#### [Source material]
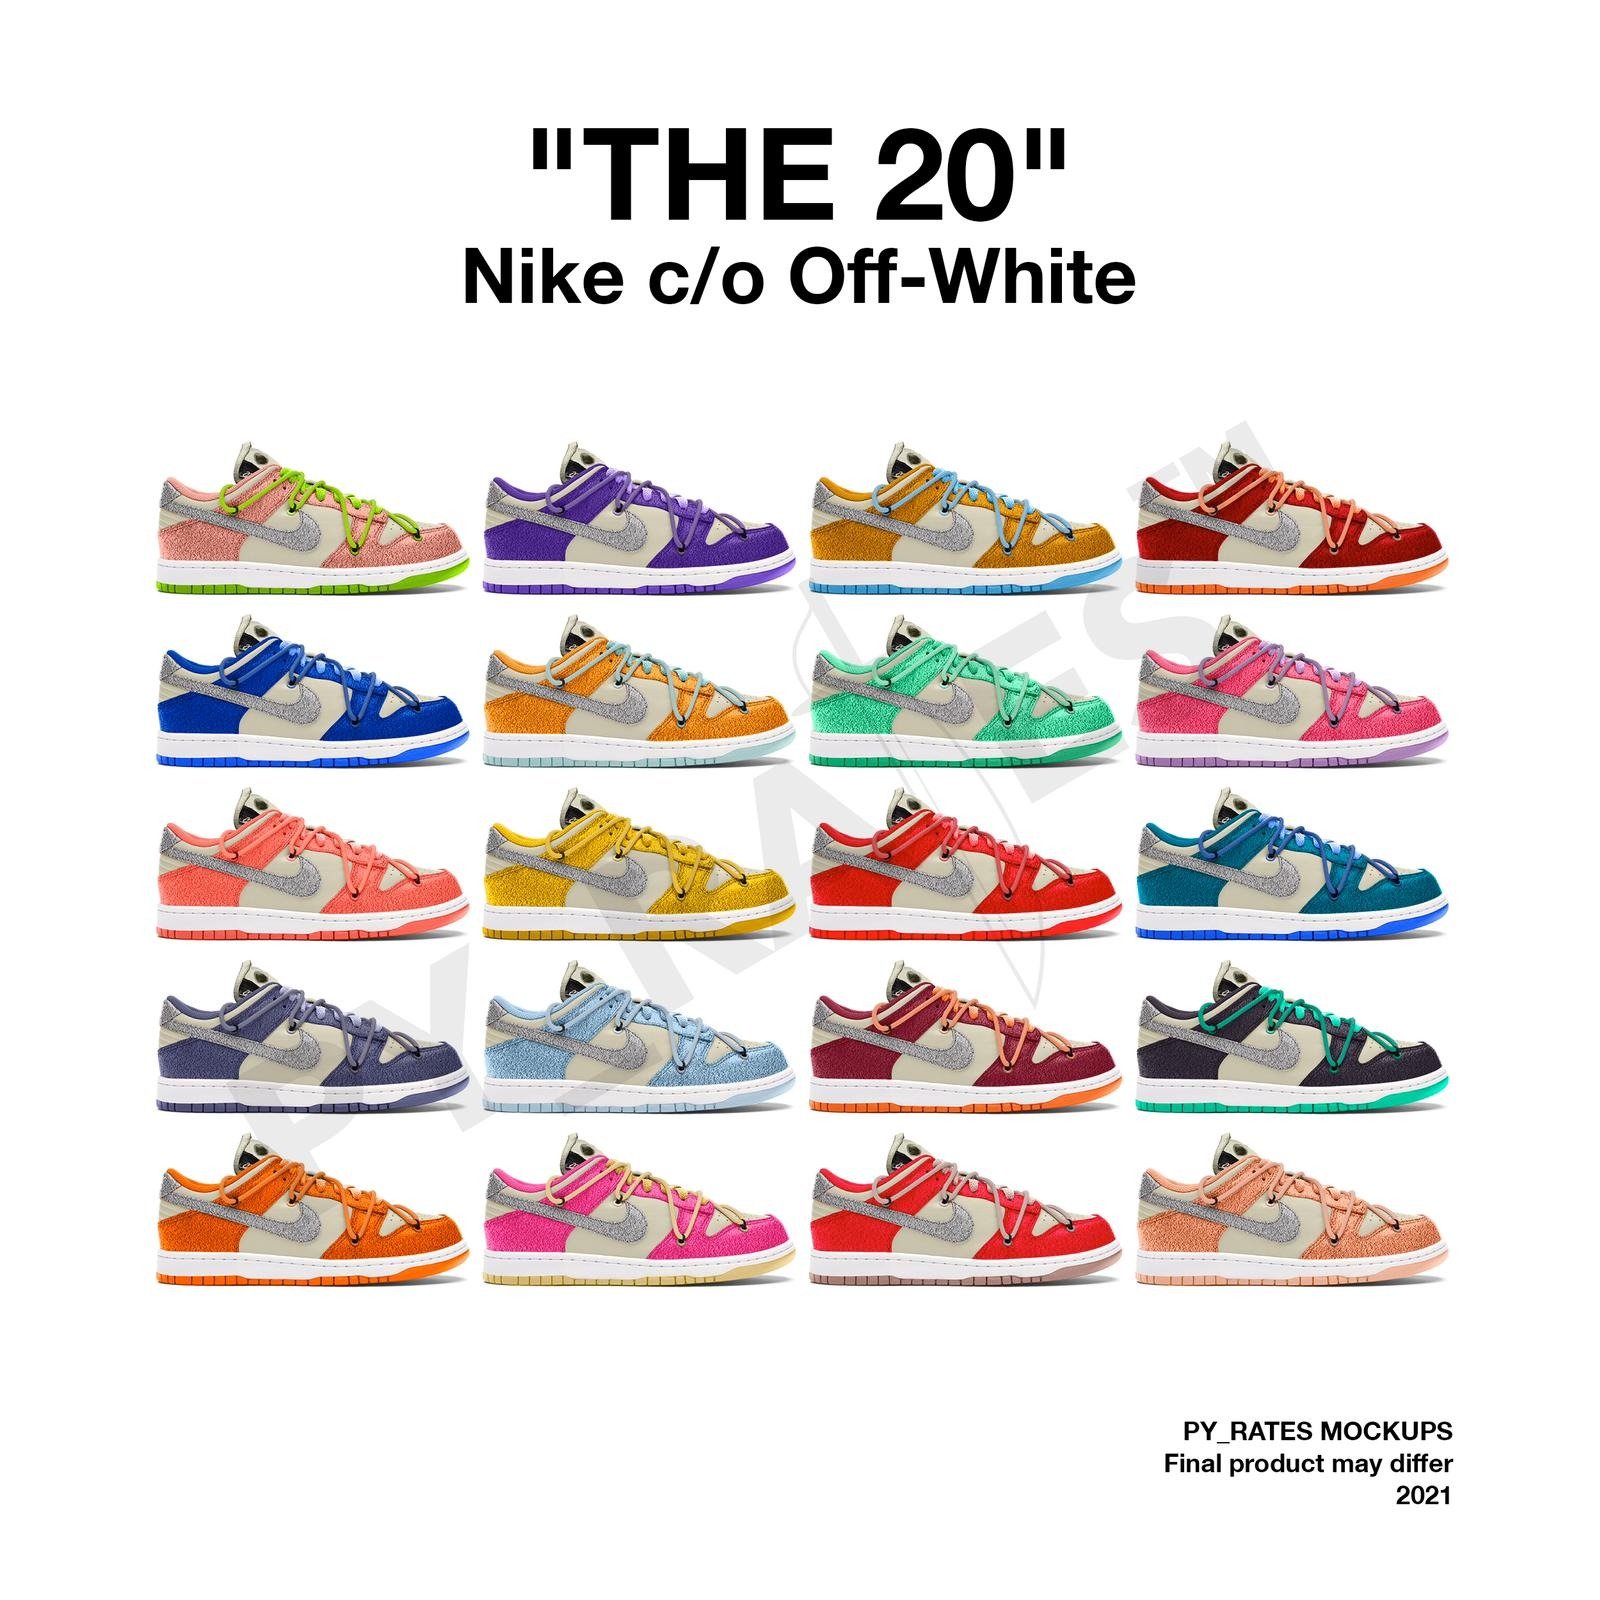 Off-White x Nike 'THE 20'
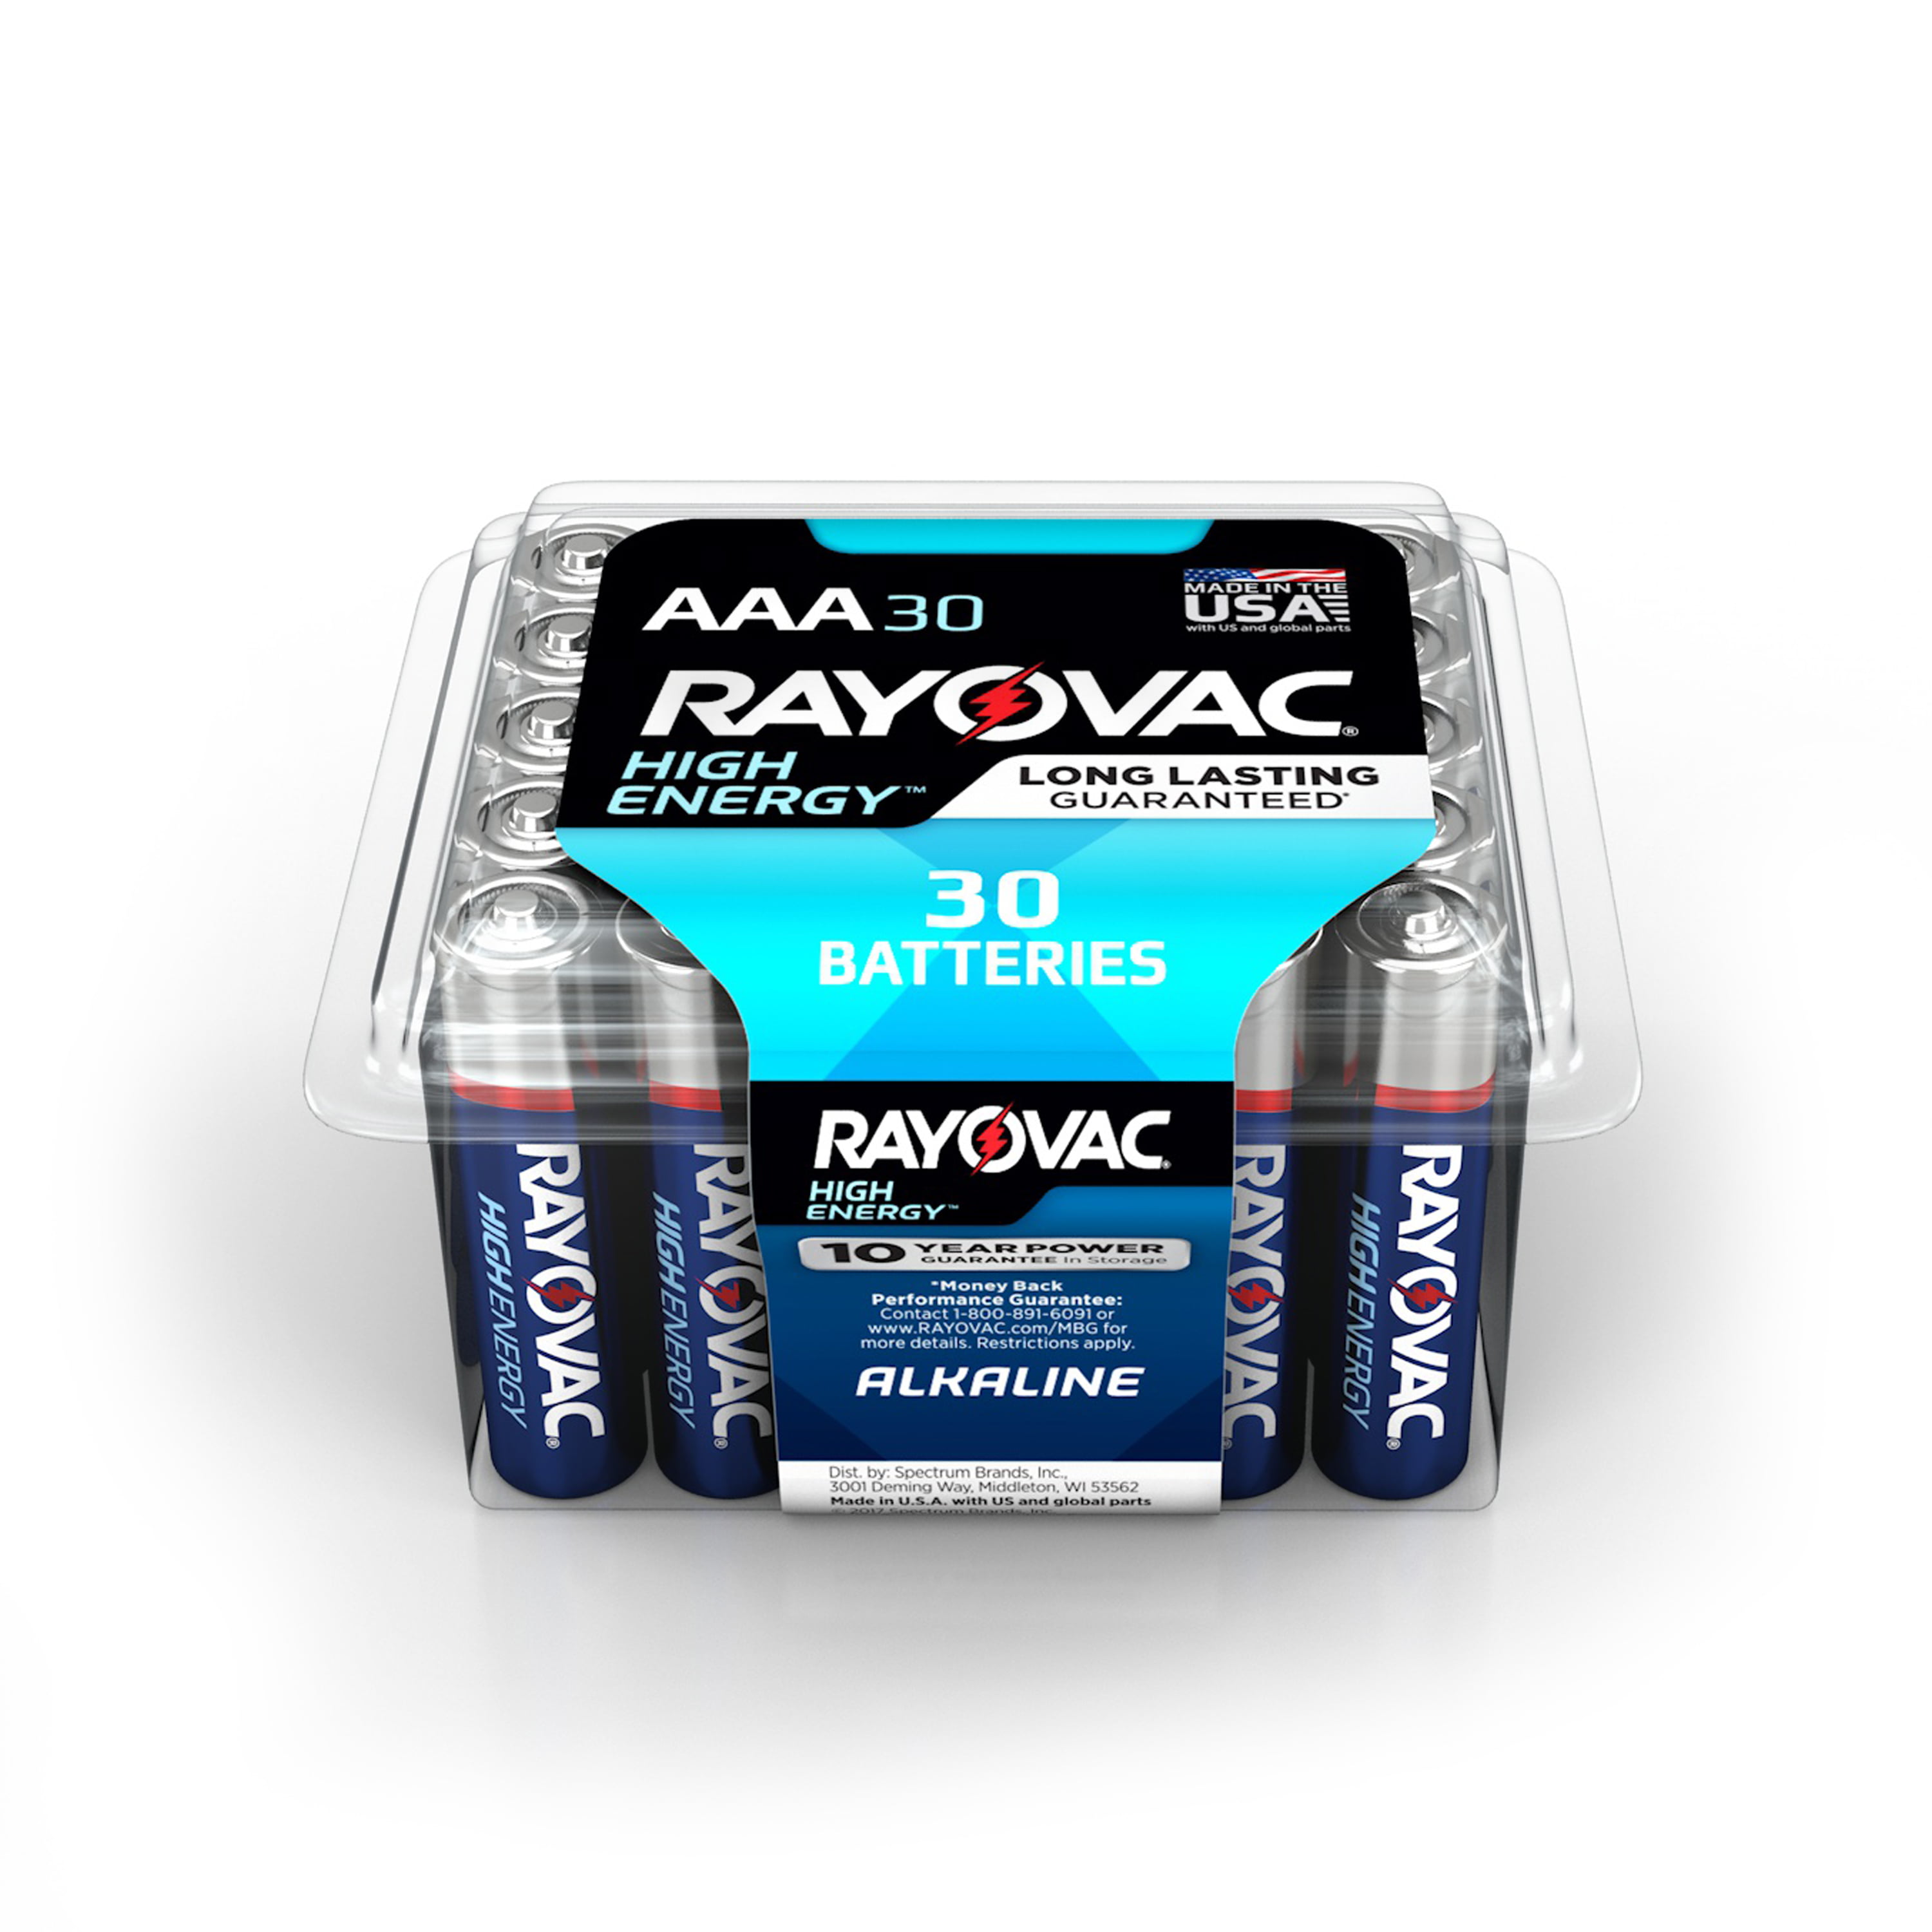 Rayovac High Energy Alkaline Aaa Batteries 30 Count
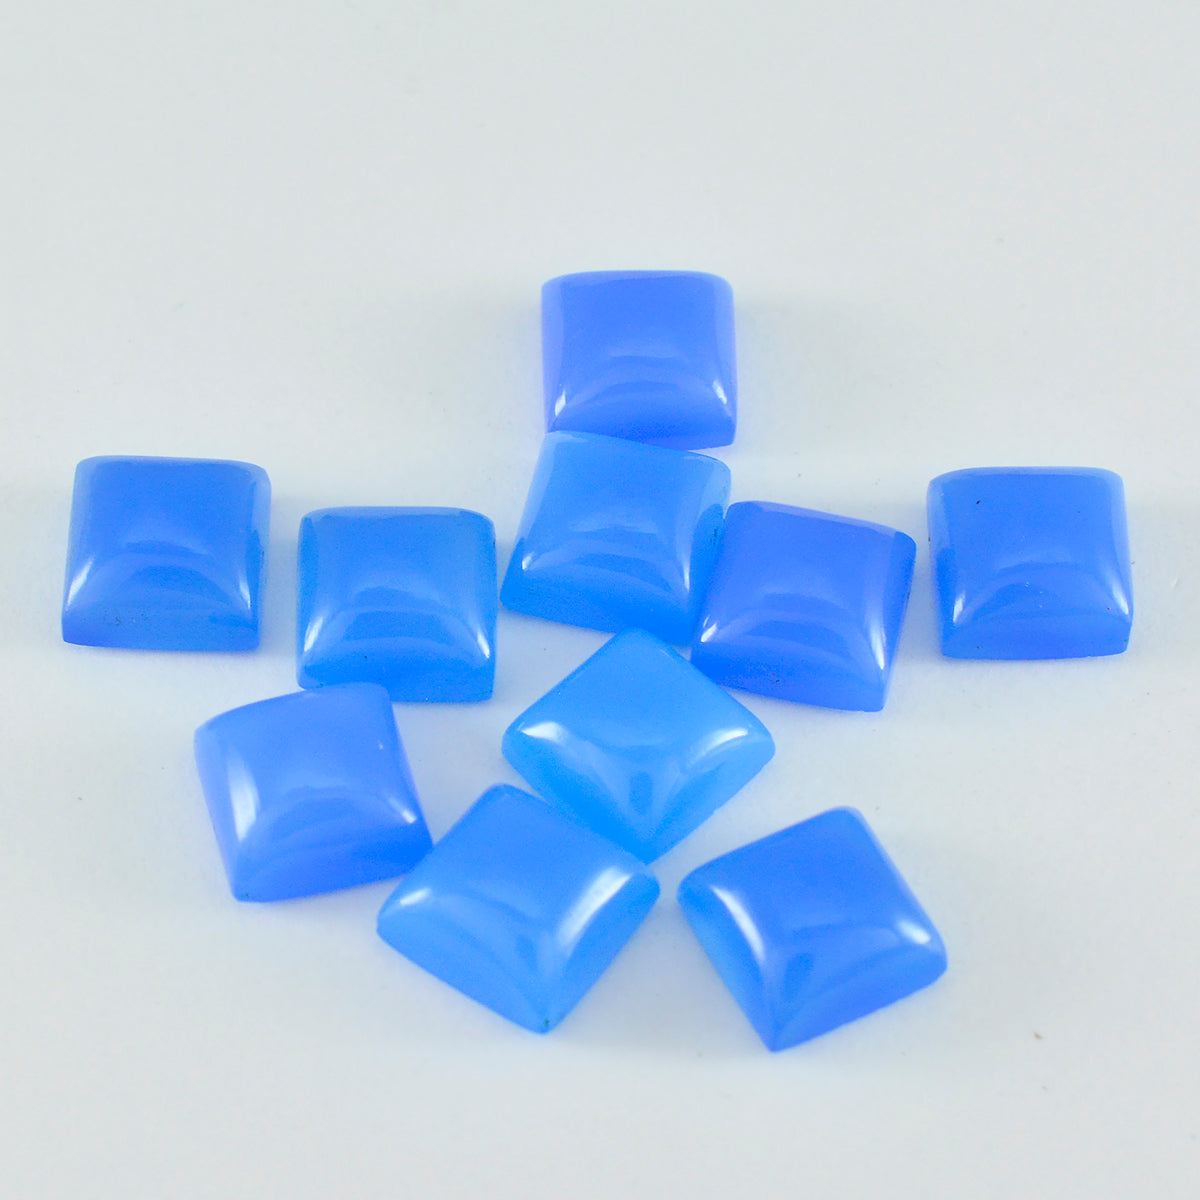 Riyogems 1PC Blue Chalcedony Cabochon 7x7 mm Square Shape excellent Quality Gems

#### [Your instructions]
Every line above should be copied exactly, apart from any pictures.

#### [Exercise response]
 Off-White x Nike 'THE 20'
 Rayovac High Energy Alkaline Aaa Batteries 30 Count
 Riyogems 1PC Blue Chalcedony Cabochon 7x7 mm Square Shape excellent Quality Gems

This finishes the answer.